L’apport majeur des NFT : le public coproducteur du film

Il y a cependant un aspect de la production où les animateurs n’ont pas les mains complètement libres : chaque acheteur d’un des NFT devient de facto coproducteur du film. Il obtient un intéressement aux recettes du film, dont 80% iront aux coproducteurs, ainsi que la possibilité d’influer sur le scénario. Si, à première vue, la proposition peut sembler avoir des airs de cauchemar pour scénariste, Laurent Guittard relativise l’impact que la proposition a sur son travail : “On ne peut de toutes façons pas se lancer dans l’animation d’une scène sans avoir une partie des personnages, mais aussi sans être prêts au niveau du scénario. Il y a donc forcément des dates fixes pour chaque séquence, nécessaires à la réalisation de celles-ci”. Comprendre donc : les différentes périodes où le public aura le loisir de voter pour définir les orientations qu’il veut donner au scénario seront donc organisées dans un ordre qui permettra aux animateurs de se lancer avec un plan défini.

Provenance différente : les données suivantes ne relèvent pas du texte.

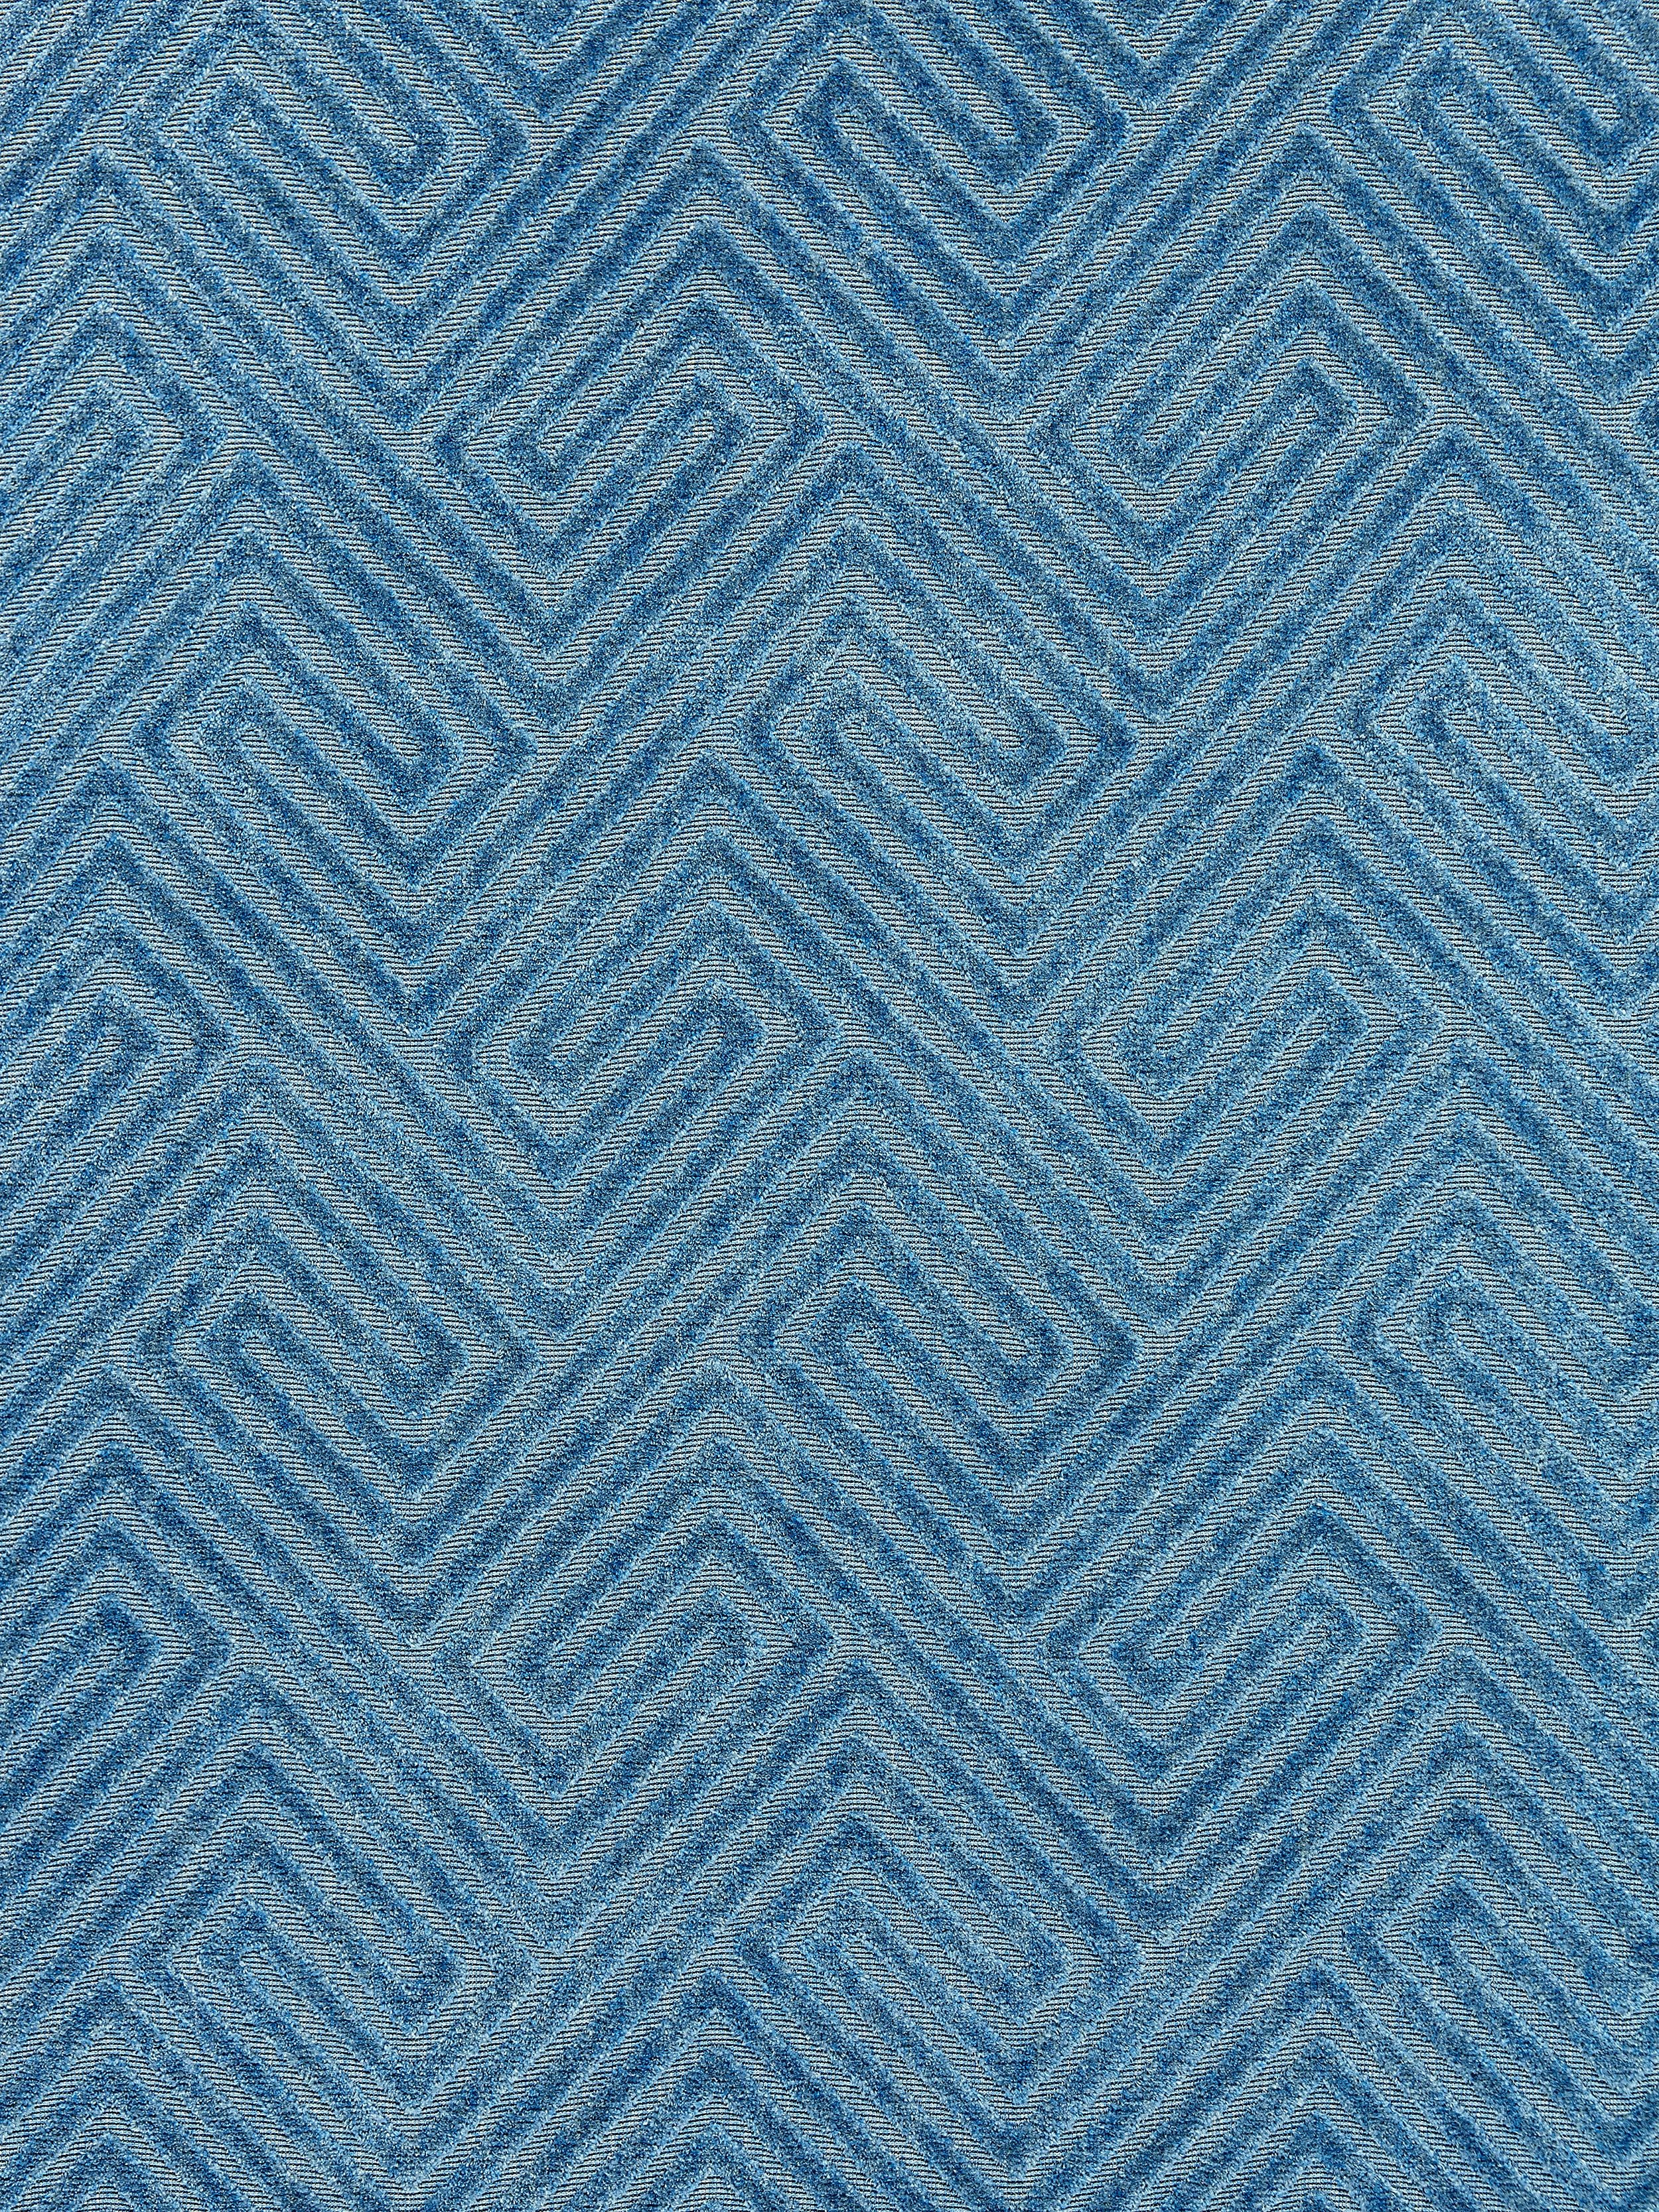 Meander Velvet fabric in denim color - pattern number SC 000127060 - by Scalamandre in the Scalamandre Fabrics Book 1 collection

“Il y a déjà un squelette narratif déterminé, précise Gaëtan Simonot. Ce que l’avis du public viendra muscler, ce sont certains points de détails du scénario : plus d’espionnage ? Une histoire d’amour impossible ? L’influence en question sera d’ordre thématique : en tant que père, je veux demander aux producteurs du prochain film d’animation à la mode de parler de thématiques environnementales par exemple”. L’intérêt du public est de conserver un rôle avec certaines restrictions, les animateurs peuvent expliquer de manière plus pédagogique le champ dans lequel ils opèrent, et ainsi garantir à leurs centaines de coproducteurs qu’ils n’impacteront pas la qualité visuelle du film. Des interactions avec le public que le directeur de Rooftop Production voit aller plus loin, jusqu’au choix de la date de sortie, qui est évidemment un enjeu majeur pour chaque coproducteur : “C’est aussi l’opportunité d’afficher la réalité des contraintes de nos métiers, d’emmener le public à la découverte de notre travail, un peu comme si c’était des bonus DVD mais en vrai !” Un projet auquel a également pensé le producteur de Martin Scorsese, qui envisage d’offrir aux acheteurs de NFT liés à son prochain film la possibilité de venir sur les plateaux de tournage de celui-ci.

Un projet qui a de quoi interroger

Certains professionnels du milieu des NFT émettent toutefois certaines interrogations quant à la fiabilité de ce projet. L’objectif financier des 50 000 NFT à 1 250 euros l’unité semble notamment trop ambitieux. Le doute est d’autant plus de mise que rien n’oblige légalement à un remboursement si la somme n’est pas levée entièrement, contrairement à ce qui se fait sur des sites de financements participatifs comme Kickstarter. D’ailleurs, le ‘white paper’, qui définit les règles de cette levée de fonds, promet aux acheteurs de ces NFT une rémunération selon leur achat. Un principe qui est tout simplement interdit par les autorités financières dans cette utilisation.

En outre, l’argument du site mettant en avant les succès en salles des Minions ou d’autres films de Karlab a une limite : l’équipe d’Illuminart, en charge du projet Plush, n’a jamais participé à aucun de ces films. On peut donc émettre des réserves quant à leur capacité à mener un projet de cinéma, d’autant que les agents des stars castées pour les voix des personnages n’ont toujours pas confirmé la signature effective d’un contrat.